After a couple of harrowing mishaps trying to execute his plan, Scott is able to retrieve one of his pins, plunge it into the spider's body and kill it.
“To God, there is no zero. I still exist!”
Instead of savouring his victory over the spider and celebrating it by claiming and devouring the spoils, Scott drops the piece of cake. The now inch-tall Scott realizes that he no longer feels hunger. Nor does he fear shrinking.
He exits the vent screen, walks outside and contemplates the night sky with its full moon and its points of illumination arriving from an infinite past, signalling to the immediate present and lighting the way to an immeasurable eternity.

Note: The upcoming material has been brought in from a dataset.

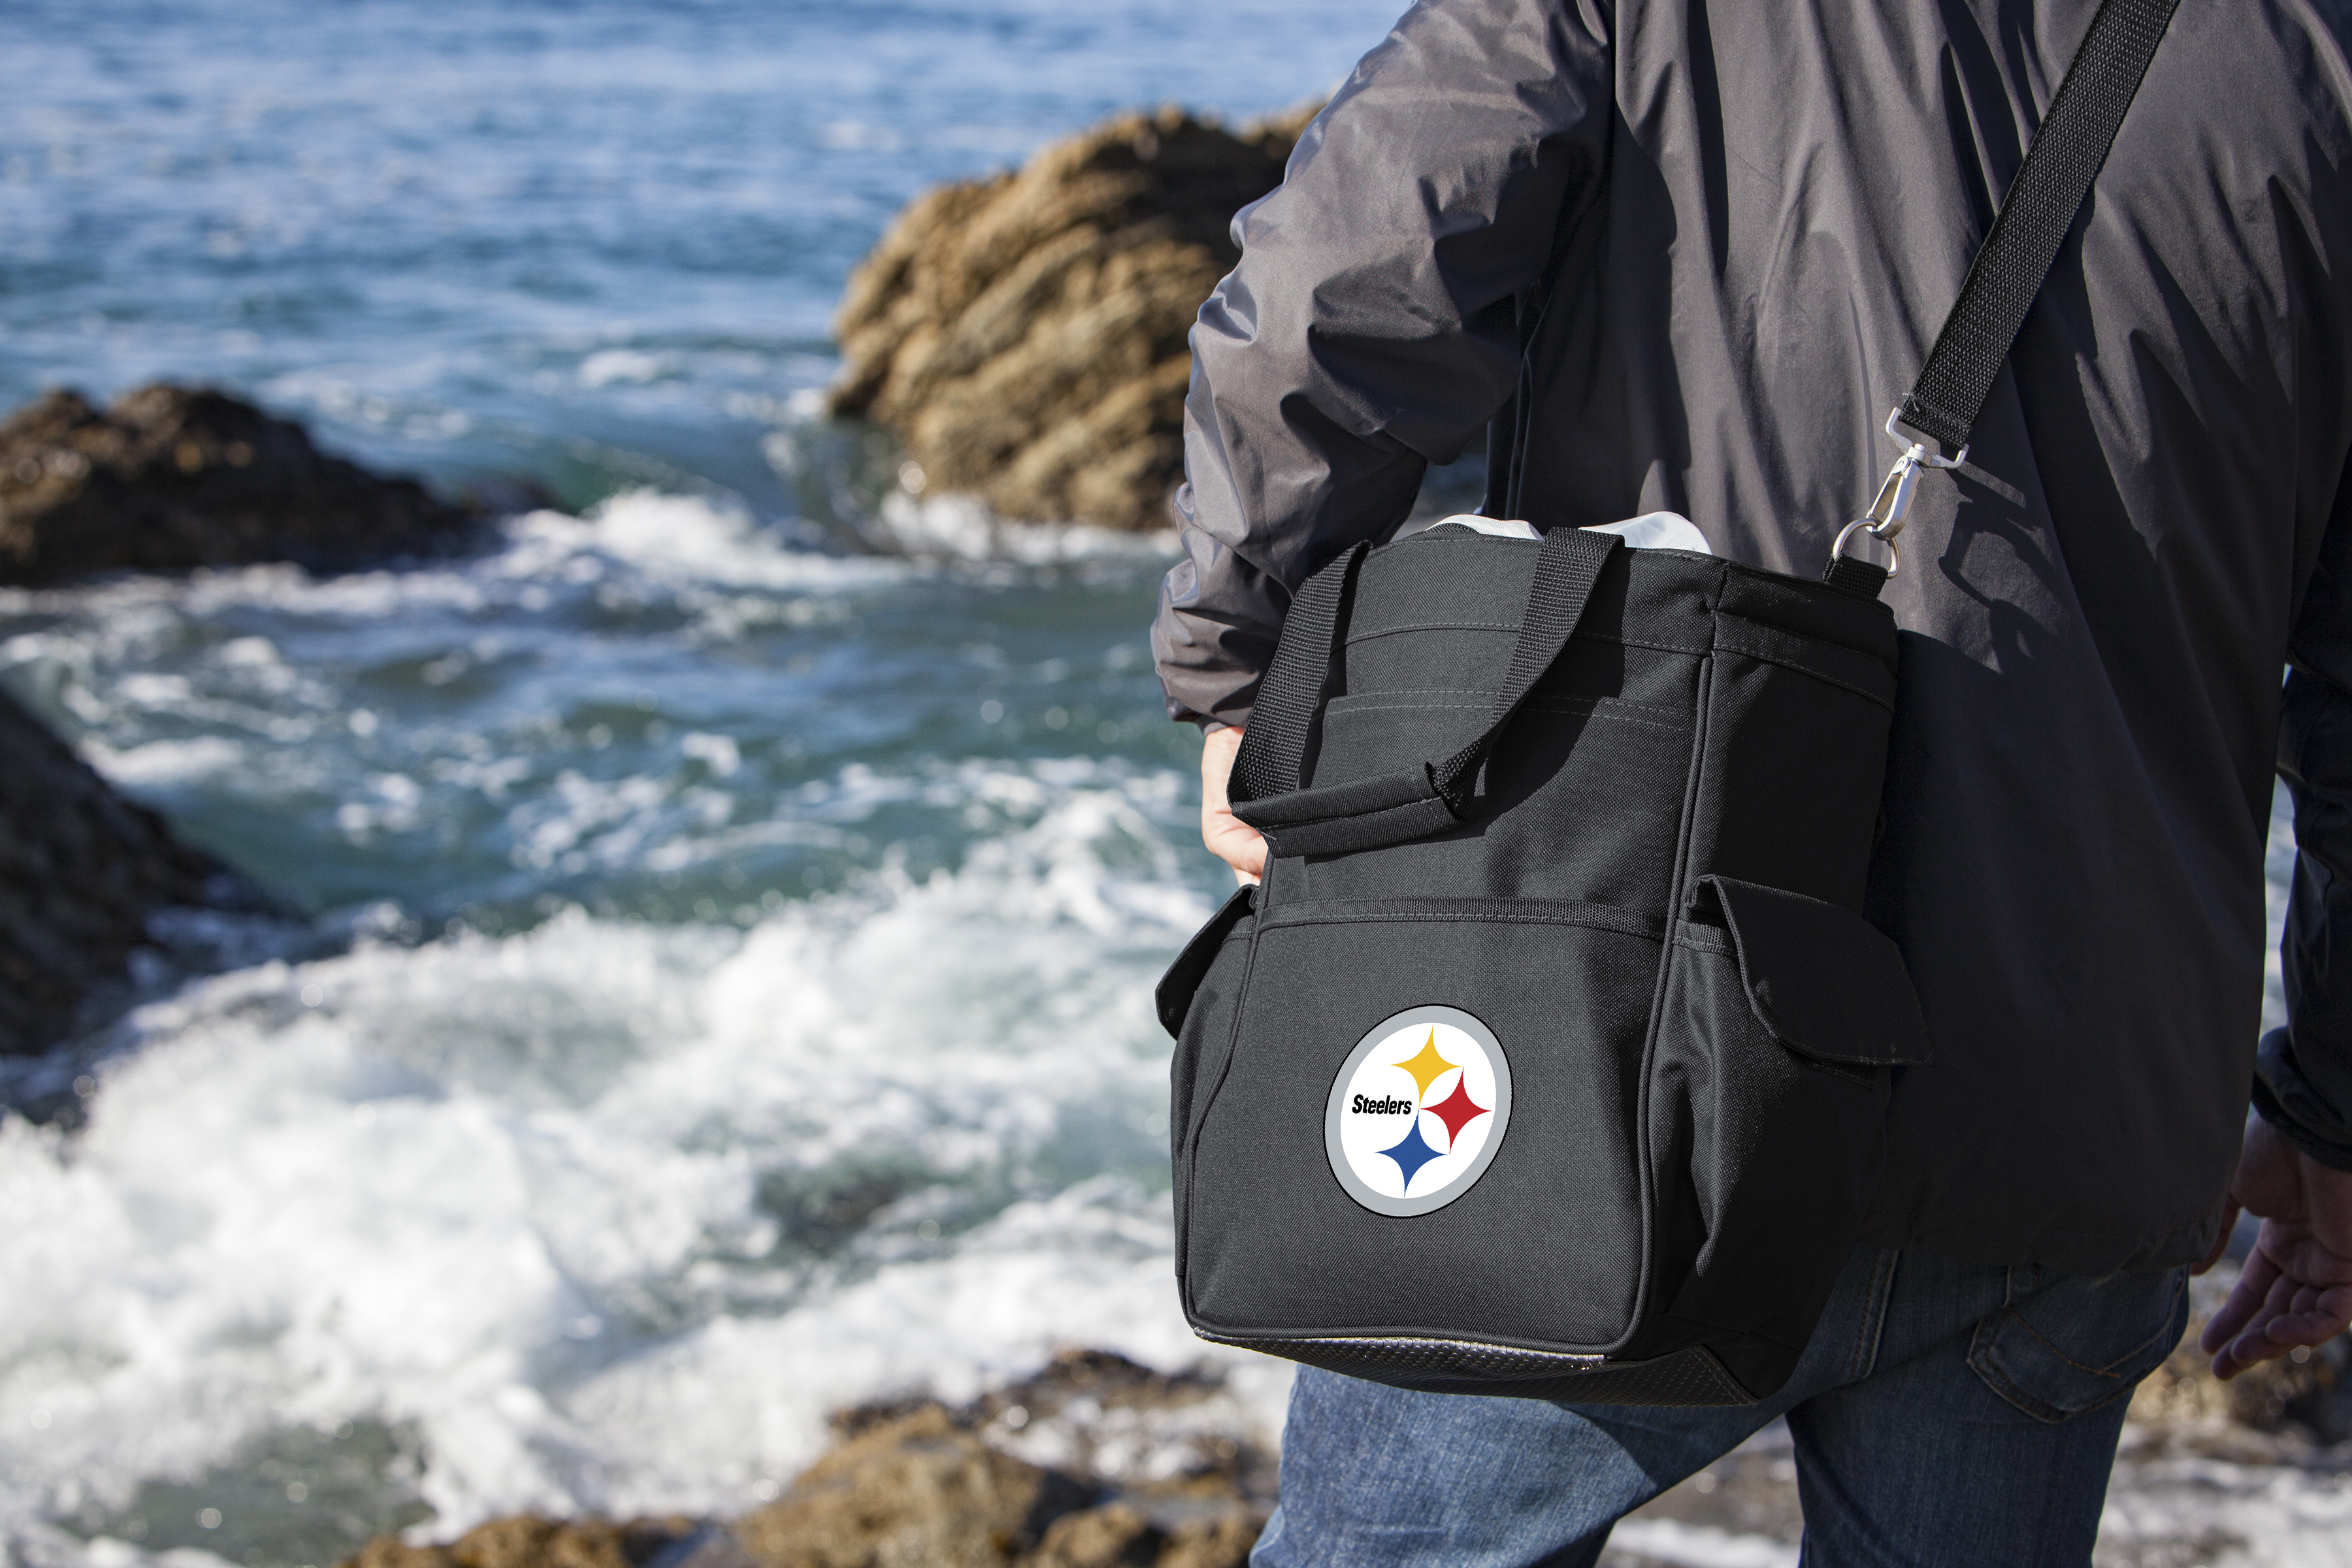 Pittsburgh Steelers - Activo Cooler Tote Bag

He then suddenly becomes aware that the “infinitesimal and the infinite…. were really the two ends of the same concept,” that “eventually meet - like the closing of a gigantic circle.”
A flash of enlightenment comes to Scott as he looks up and suddenly knows “the answer to the riddle of the infinite…. That existence begins and ends in man's conception, not nature's.”
With that knowledge and understanding, Scott feels his “body dwindling, melting, becoming nothing” and with that his “fears melted away. And in their place came acceptance.” He has come to understand that in the whole scheme of things he in “all this vast majesty of creation” and even being “smaller than the smallest… meant something, too.”
I still exist!
Standing a mere millimetre high,
Can I still stand tall like a man?
Can I look life right in the eye
Not knowing who I am?
Dwarfed by civilisation,
Reduced to a sub-atomic mite,
Ignored by all of creation,
Oblivious to my plight.
Do I just vanish and slip into an “0”?
Or do I just do and be what I am:
Star stuff, infinitely more than zero,
One that matters – a limitless little man?
Points of Interest
Director Jack Arnold added Scott Carey's moving and though-provoking closing soliloquy.
A cat by the name of Orangey played Scott Carey's cat.
At the completion of the film’s production, studio executives in a rather conventional, mediocre and unimaginative way of thinking wanted to change the ending to a happy one with doctors coming up with a serum to reverse the shrinking process, but director Arnold held his ground and refused. Instead of a neatly packaged resolution, we have a kind of spiritual enlightenment on the part of the main character.
The Incredible Shrinking Man won the first Hugo Award for Best Dramatic Presentation presented by Solacon, the 16th World Science Fiction Convention in Los Angeles.
The film was named in 2009 to the National Film Registry by the Library of Congress for being "culturally, historically or aesthetically" significant.
The Incredible Shrinking Man almost stands like a metaphor for much of the human condition particularly in the modern post-industrial context. Scott, like many people find themselves being overwhelmed by fate and circumstances which seem to beyond their control. In the face of world events, geo-politics, the sheer pace of technological change, economic instability, threats to security and privacy and so on, we might very well as individuals experience a sense of powerlessness or of feeling diminished.
Do we then resign ourselves to disappearing unnoticed? Do we wallow in self-loathing and self-pity? Or perhaps we might blame and misdirect our anger and frustration toward the rest of humanity and even those closest to us?
After experiencing the full range of responses to his dilemma and struggling tooth and nail for existence, Scott is able to literally break out of and transcend the confining prison of his basement-like existence and the kind of negative and destructive thinking and feeling it produced in him. He has managed to truly move on in a spiritual and dignified way via the realisation that everything in the universe, no matter how small or insignificant, has its own worth and importance.